(U03)

www.btinternet.com/~adrian.larner/database/pcl14

PLATOCLAST
ON DATA

Lecture XIV
The Combination Operation

 

 

I want to go back to a problem I raised at the end of Lecture XII. Homework assignments. As you know, big brother is watching you. I’ve got a file on you; two files actually. The first is my Student Table:

STUDENT:           NAME
 
                   Douglas
                   Judy
                   ...
It means: There is someone that is a student on my course and is the same person as NAME. What a good thing you’ve all got different names.

The second is my Assignment Table:

ASSIGNMENT:        NAME      WEEK
 
                   Judy      Week 1
                   Judy      Week 2
                   Judy      Week 3
                   Judy      Week 4
                   ...      ...
It means: There is someone and there is something such that the former completed the latter on time and the former is the same person as NAME and the latter is the same homework assignment that I set for WEEK.

As you may have guessed, I would blithely ignore Dr Codd’s compatibility constraint and union these tables (please excuse the table name – I just couldn’t resist it):

STUDENT_UNION:    NAME      WEEK
 
                   Douglas
                   Judy
                   Judy      Week 1
                   Judy      Week 2
                   Judy      Week 3
                   Judy      Week 4
                   ...      ...
That’s – roughly – how I’ld collect together the information from both my tables to get that list I showed you at the end of Lecture XII.

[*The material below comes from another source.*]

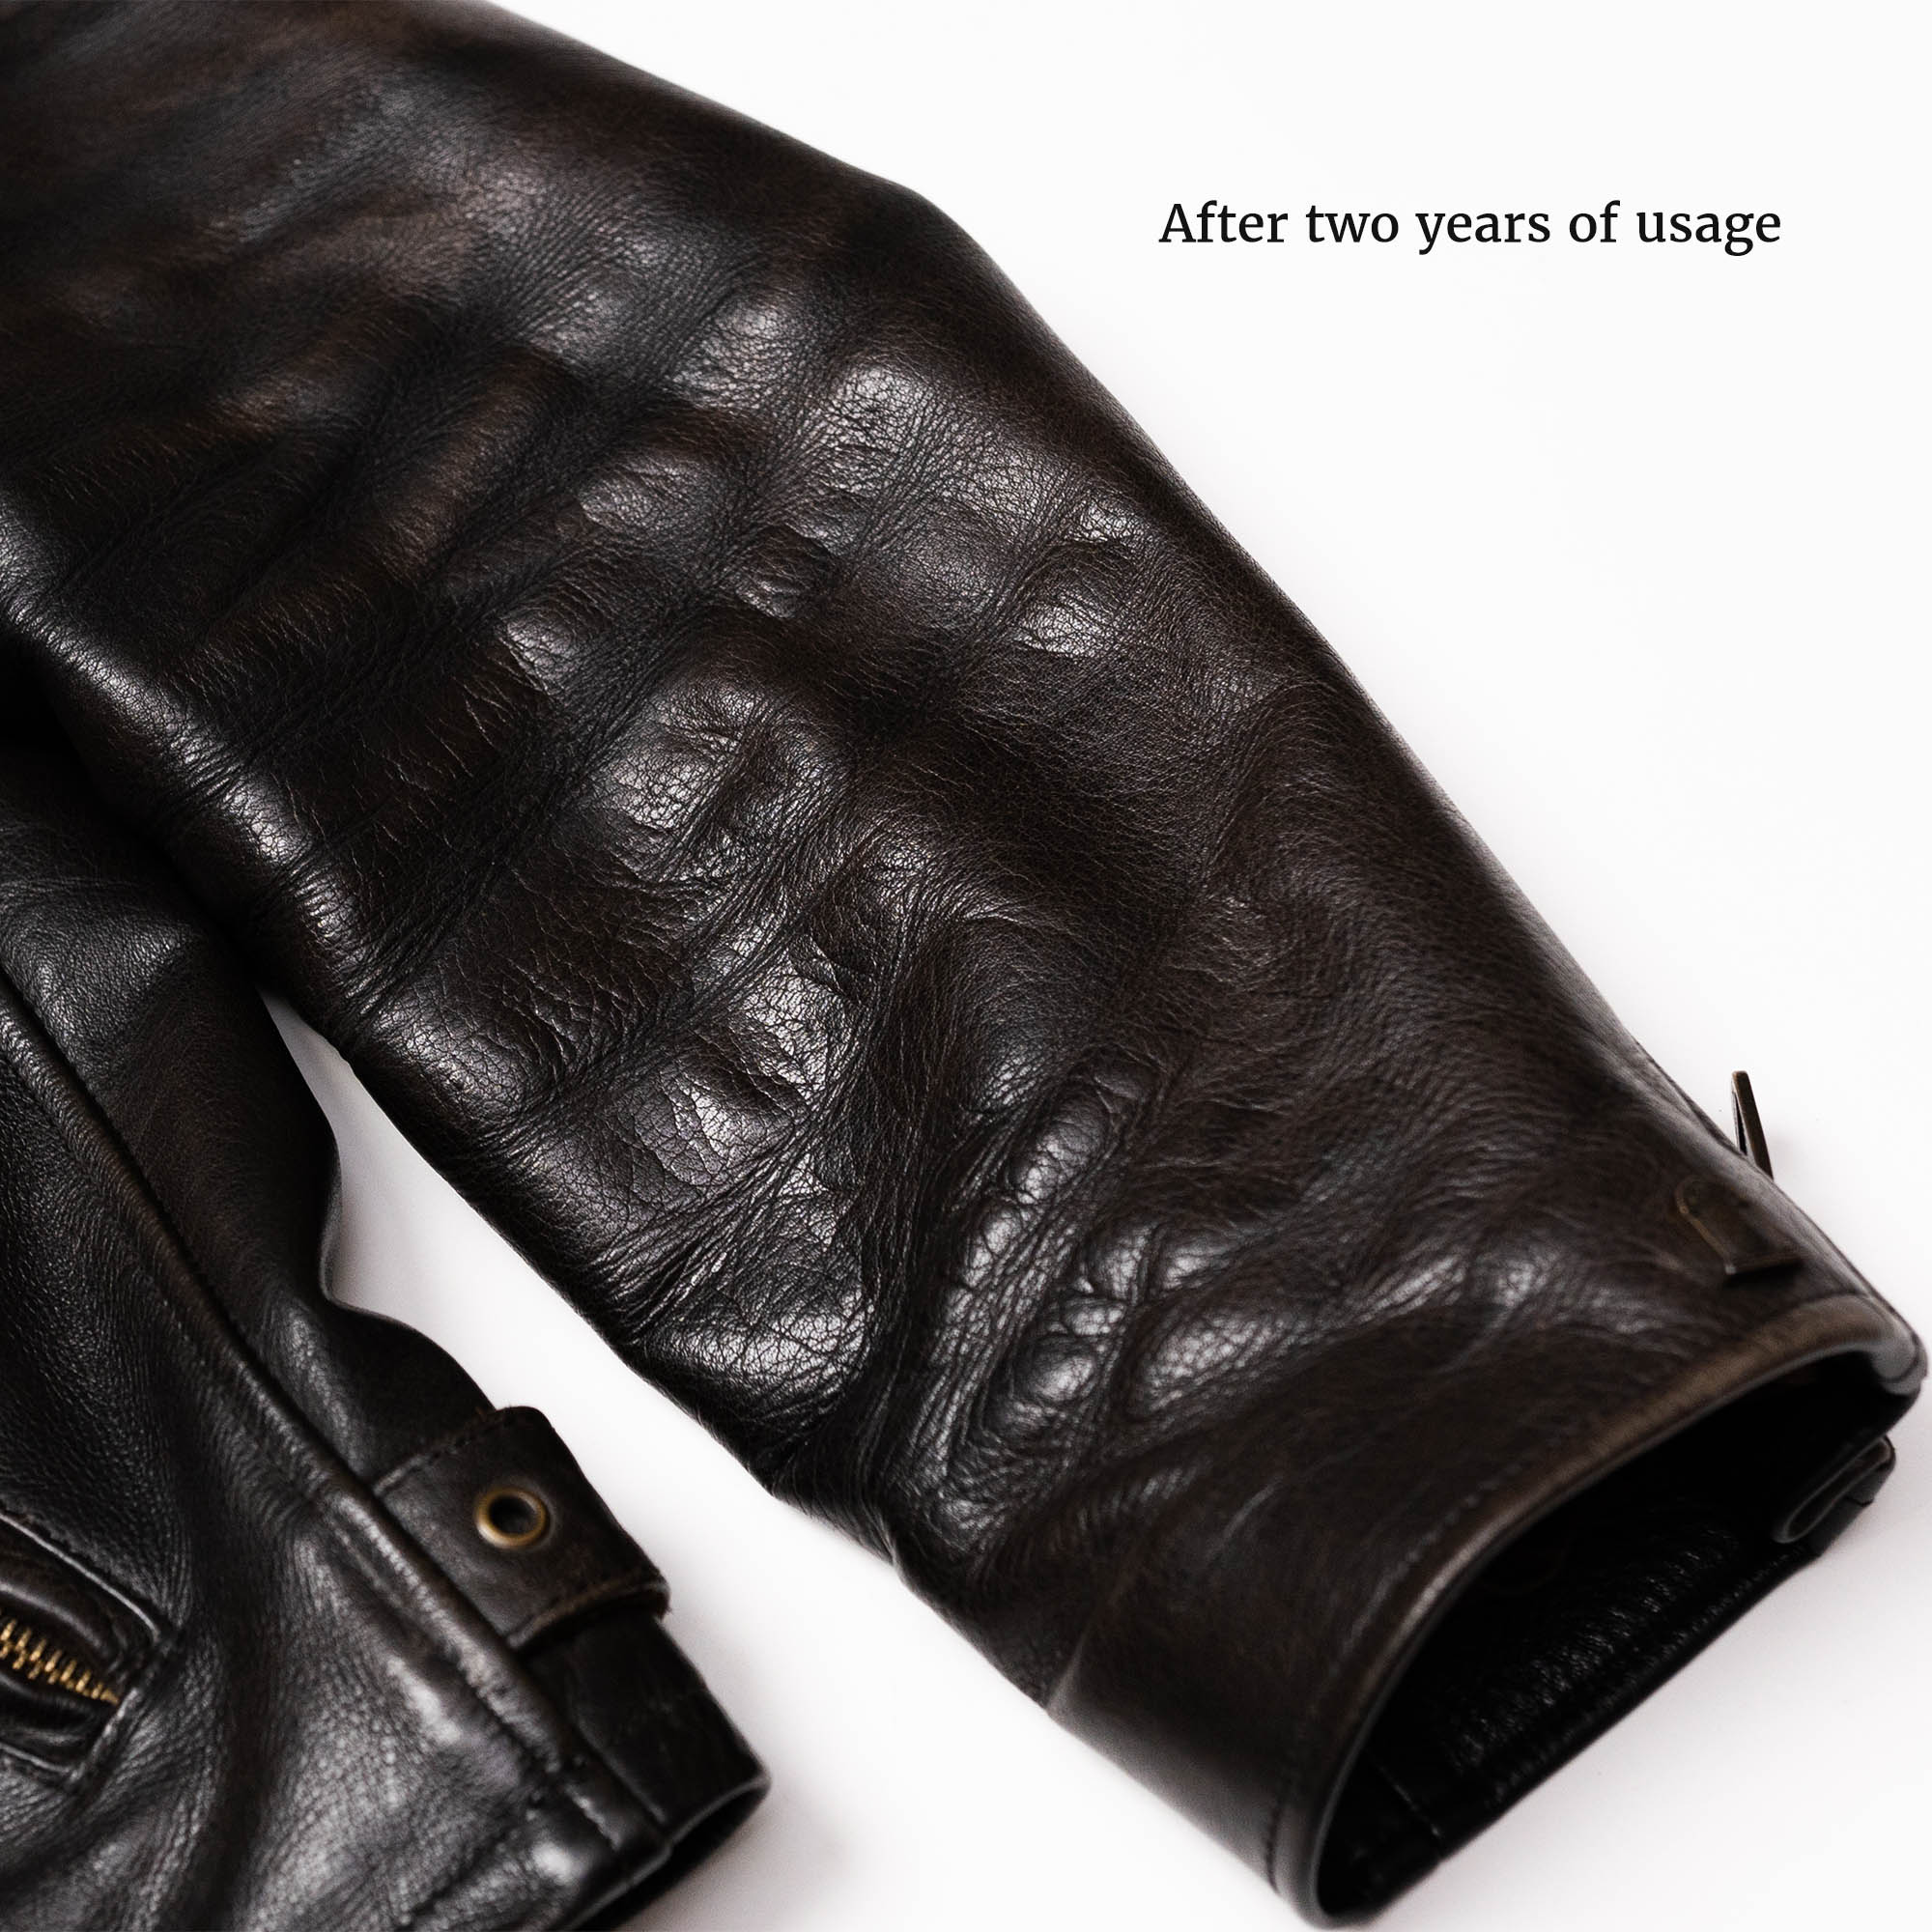 “Varenne” Black Leather Jacket

I could get a report formatter to tidy it up, like this:

STUDENT   ASSIGNMENTS
          ON TIME
 
Douglas
 
Judy
          Week 1
          Week 2
          Week 3
          Week 4
...
I did try a strictly relational method of getting STUDENT and ASSIGNMENT together; but I found a problem, which I can sum up in one word: Douglas. What I tried first was a natural join (on NAME of course). But all that gave me was ASSIGNMENT again. You can see why: there isn’t anyone that doesn’t attend the course, and yet hands in the assignments on time (or, indeed, at all). And, if I might say so, there are not many even of those that do attend, but that’s not a problem in data base theory. In any event, those that attend the course and skip the homework get excluded by the join, and that is a problem in data base theory, because it’s them I want to hold up to rebuke.

 

 

Outer Join

 

I asked a friend who’s really into Relational Theory to give me a solution; and what he came up with was most extraordinary: an “Outer Join”. My problem, as he expressed it, was that the Natural Join – the “Inner” Join, as he called it – lost information (Douglas: that’s you, and I’d always thought you were merely a lost cause).

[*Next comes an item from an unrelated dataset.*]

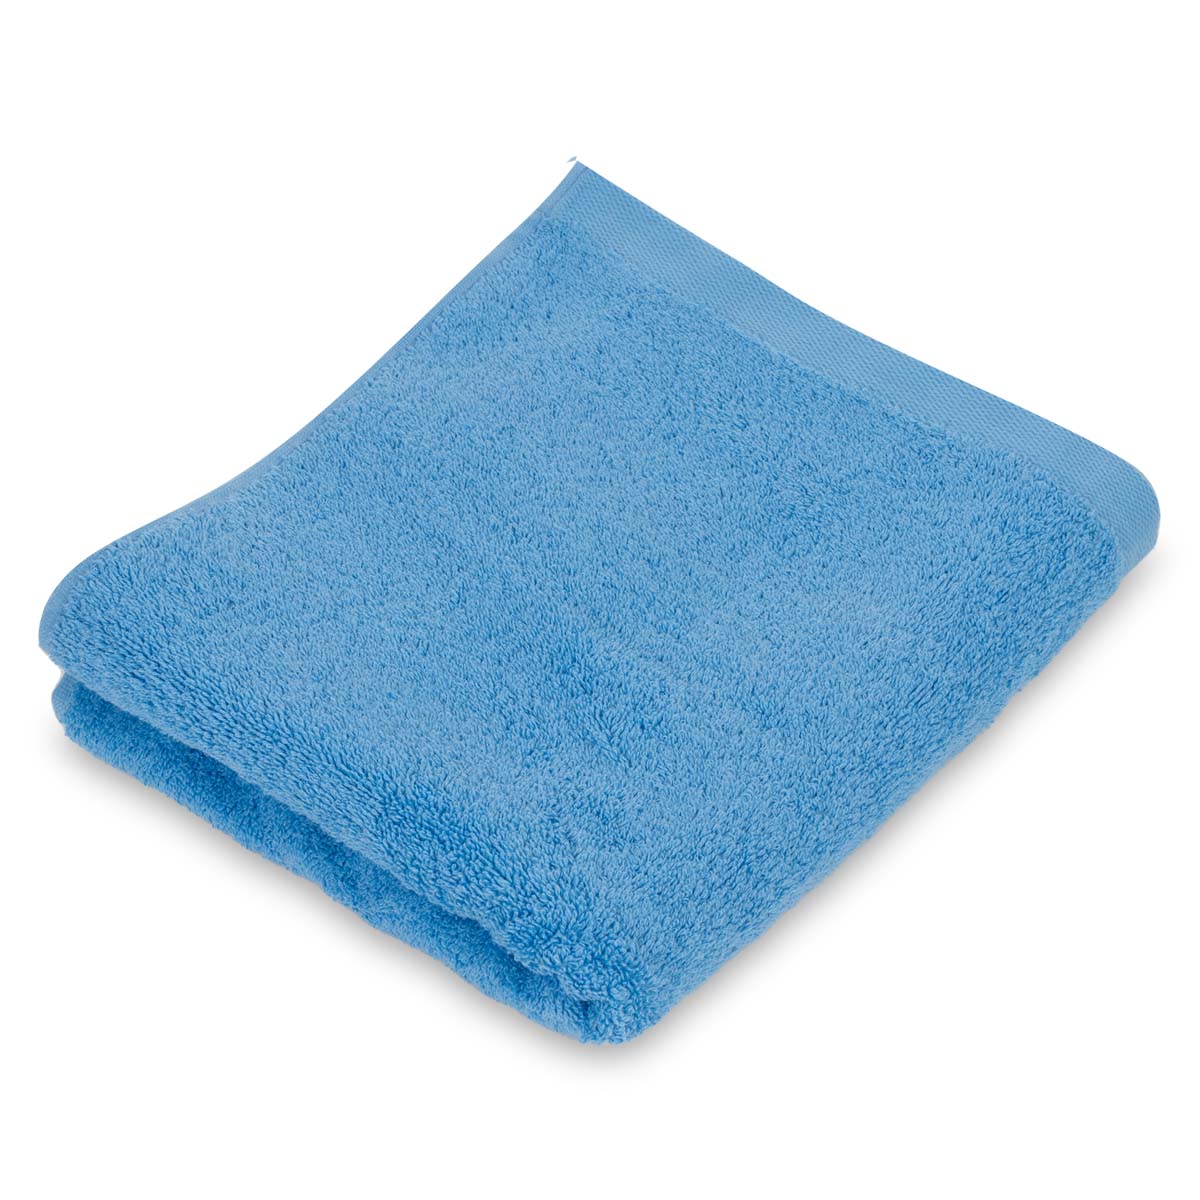 Полотенце махровое Lameirinho Aqua 50x100см, цвет голубой полотенце утро голубой р 100х180

The Outer Join works like this: first you do the Natural Join (I suppose we had better call it the “Inner Join”). Then you spot the missing STUDENT records, and you extend each of them with a Null WEEK, and you Union them with the Inner Join result. This is what you get:

STUDENT_OUTER:    NAME      WEEK
 
                  Douglas   NULL
                  Judy      Week 1
                  Judy      Week 2
                  Judy      Week 3
                  Judy      Week 4
                  ...      ...
It’s very like STUDENT_UNION, isn’t it? Spot the differences? I did. The very first thing was that in STUDENT _UNION Judy had a row for herself, just like Douglas did. And I thought it was unfair that she lost her row and Douglas kept his, with a NULL to boot, when she’d been diligent and he’d been a slacker. Anyway, my friend said that Judy didn’t need her own row, and Douglas did, and he wasn’t in the charity business, handing out free rows to people that didn’t need them.

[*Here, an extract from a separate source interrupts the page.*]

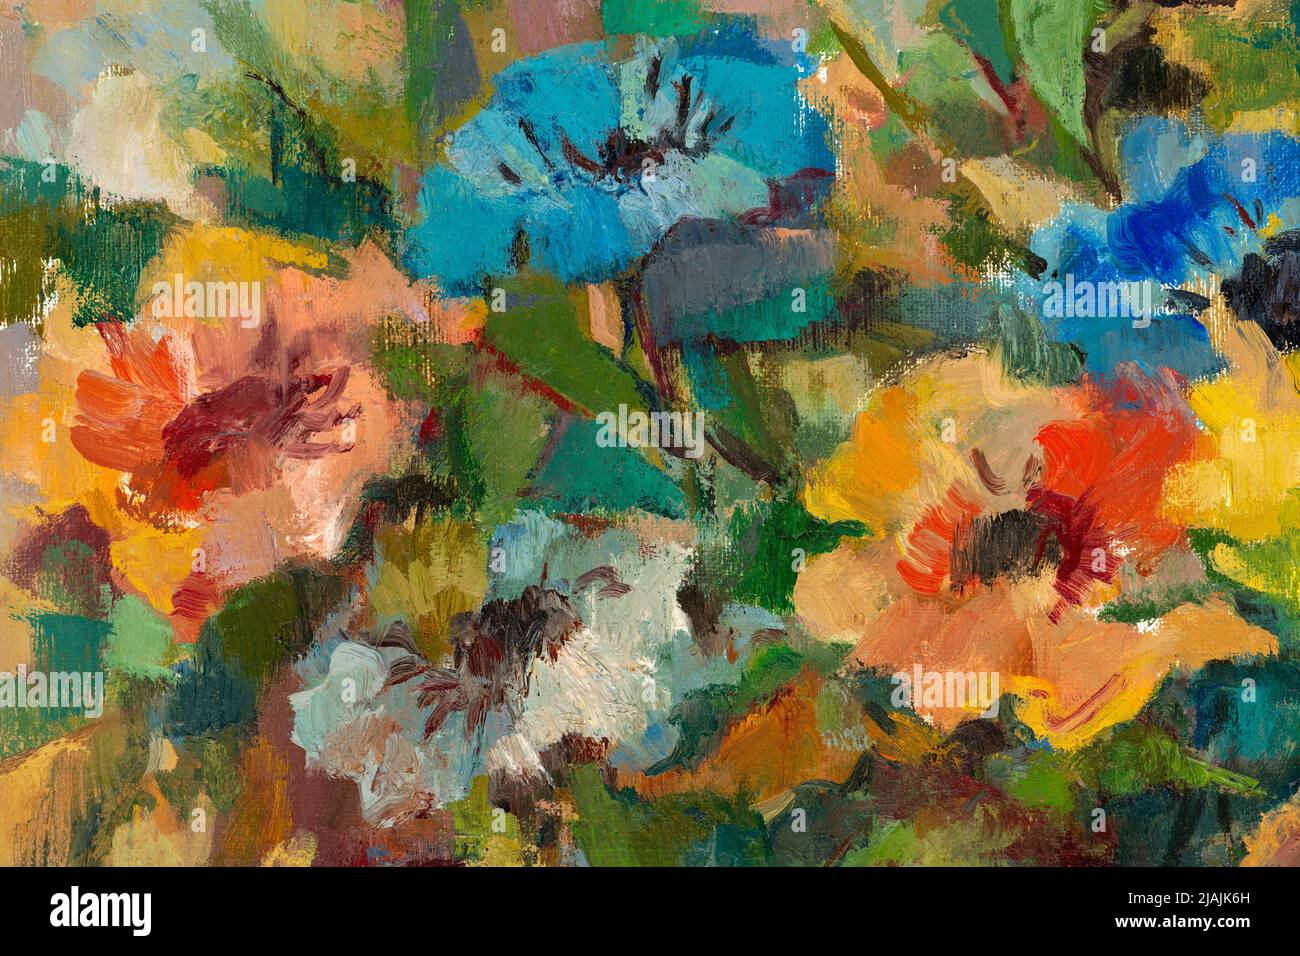 Gros plan d'une peinture à l'huile de style impressionniste représentant un bouquet de fleurs pastel. Banque D'Images

But then I got to worry about that NULL. Because I could see that in STUDENT _UNION Douglas’s row was just the same record as his row in STUDENT (it didn’t intersect the WEEK column at all), so it had just the same meaning as his row in STUDENT, and I knew what that meant. But what did Douglas’s row mean in STUDENT_OUTER? My friend said it meant that Douglas had handed in no week’s assignment. But my friend wasn’t worried that “no week’s assignment” not only didn’t name an assignment (that’s what makes it null), but it didn’t name anything. Anyway, I didn’t want Douglas’s row to tell me he hadn’t handed in an assignment on time: I could see that from the other rows, in none of which was he mentioned.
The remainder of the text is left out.